▶ _Exercise directions_: Take the material below and reproduce, word for word, only the lines from the line with "Upper San Juan Gauges" through the line with "اليوم 26 سفينة".

▶ _Study material_:
---------------

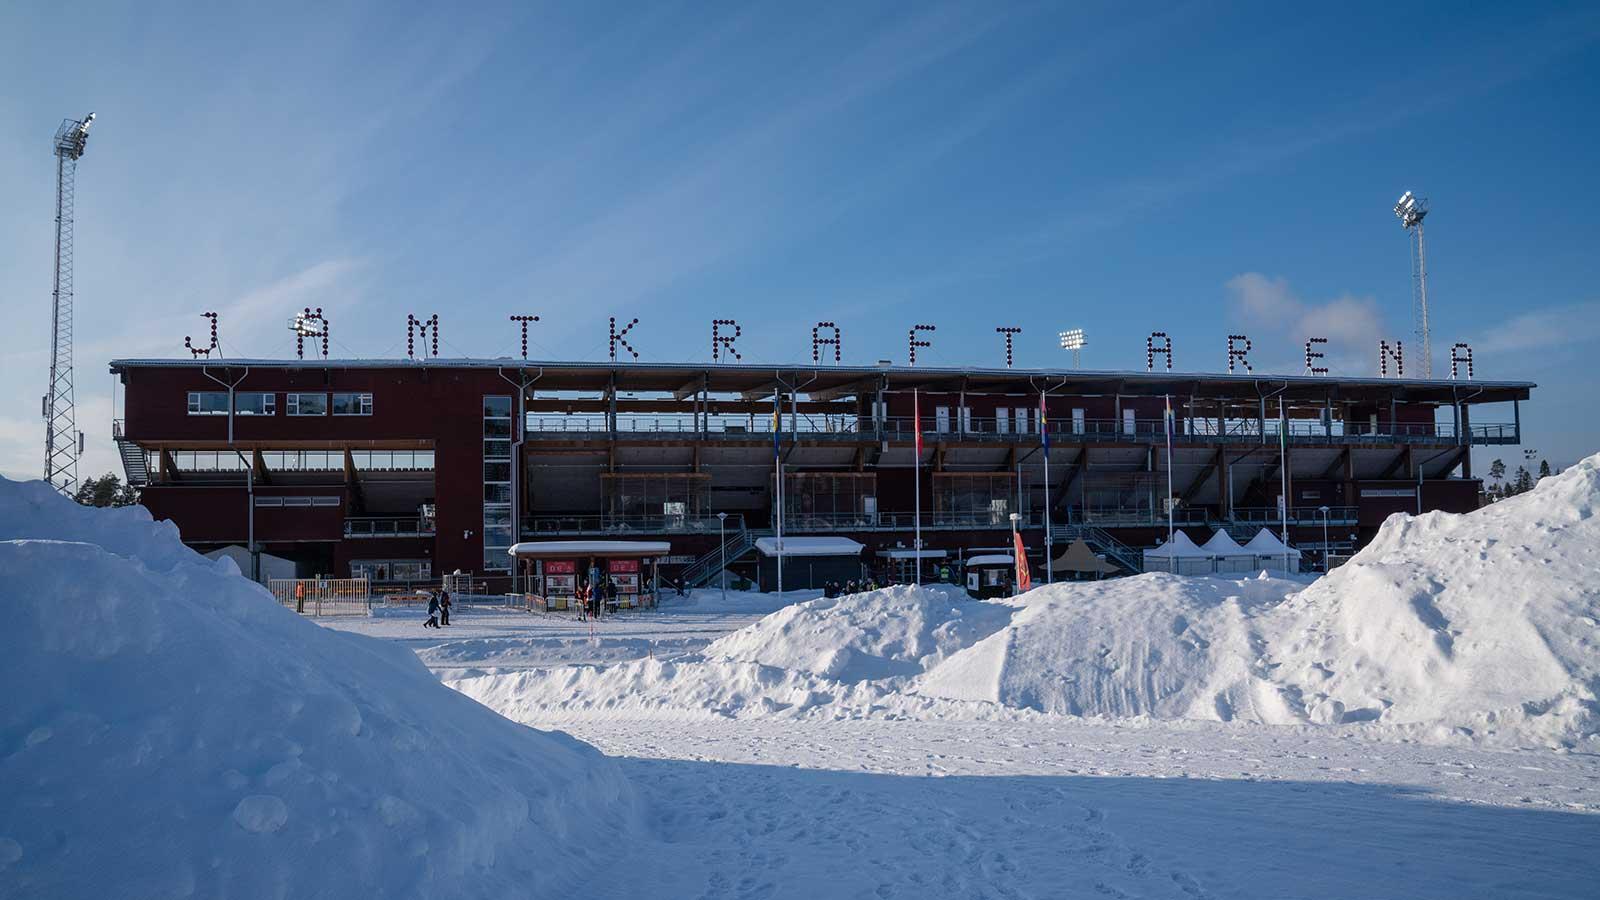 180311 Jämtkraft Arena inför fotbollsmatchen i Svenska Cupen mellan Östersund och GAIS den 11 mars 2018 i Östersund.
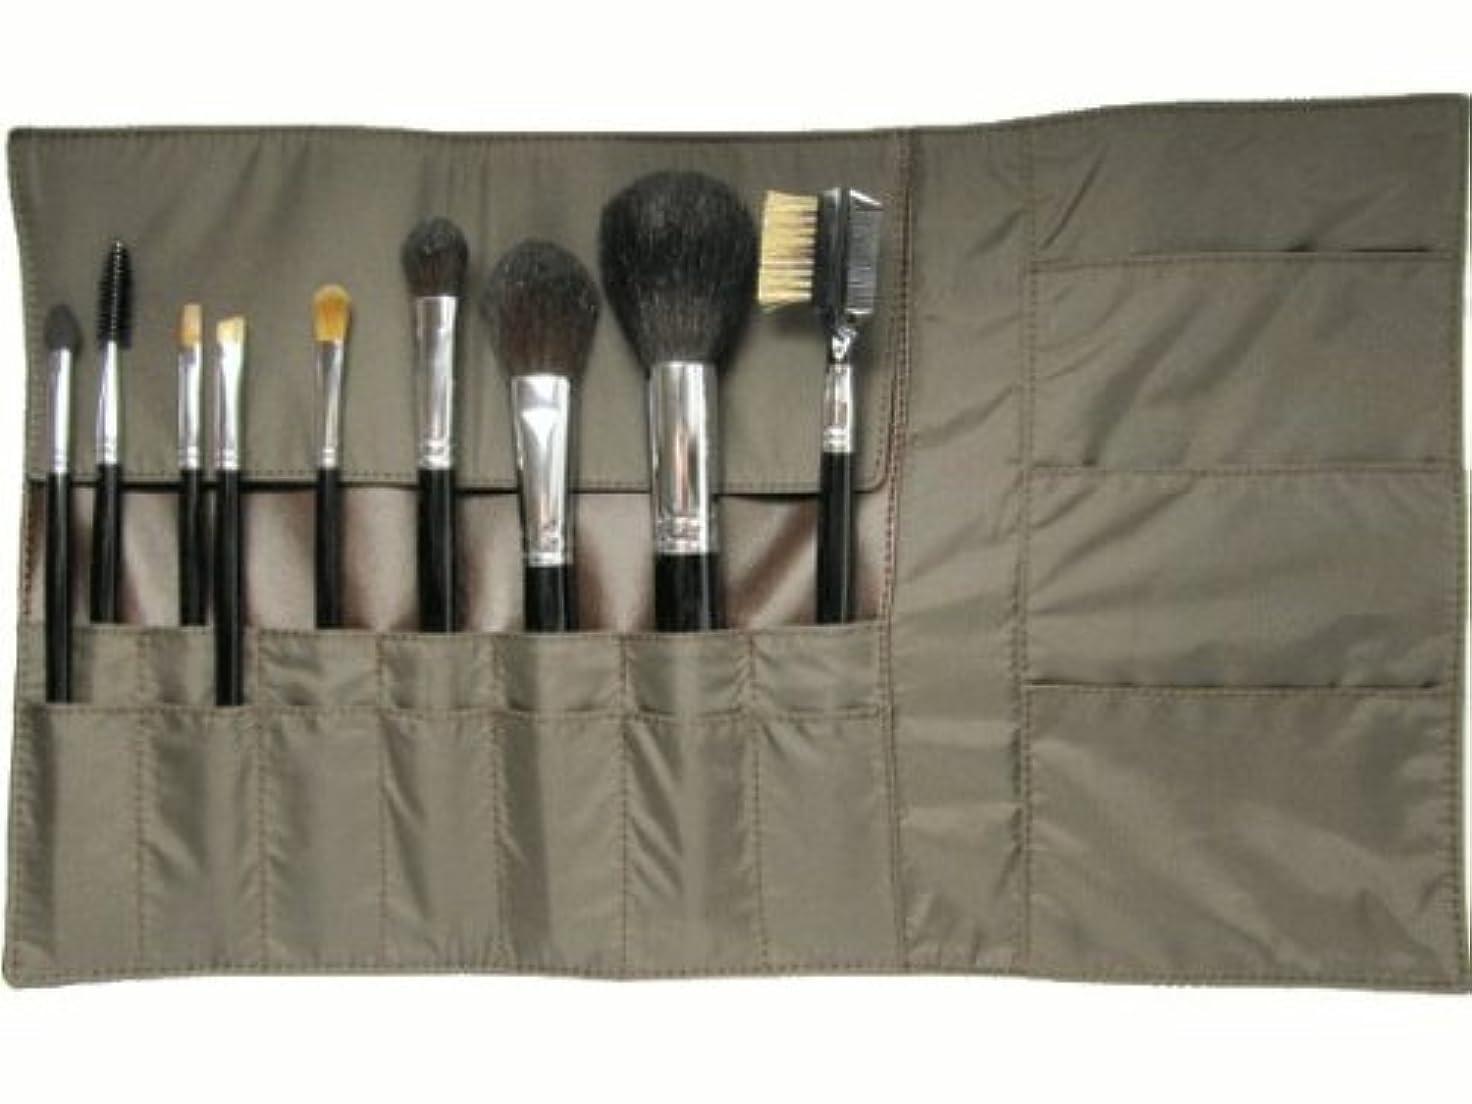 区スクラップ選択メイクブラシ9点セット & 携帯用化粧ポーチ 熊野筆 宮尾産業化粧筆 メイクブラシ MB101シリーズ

---------------

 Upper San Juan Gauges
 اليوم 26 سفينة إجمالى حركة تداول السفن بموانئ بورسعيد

---------------

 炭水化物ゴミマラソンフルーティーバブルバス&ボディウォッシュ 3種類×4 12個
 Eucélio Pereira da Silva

---------------

▶ _Task answer_:
 Upper San Juan Gauges
 اليوم 26 سفينة إجمالى حركة تداول السفن بموانئ بورسعيد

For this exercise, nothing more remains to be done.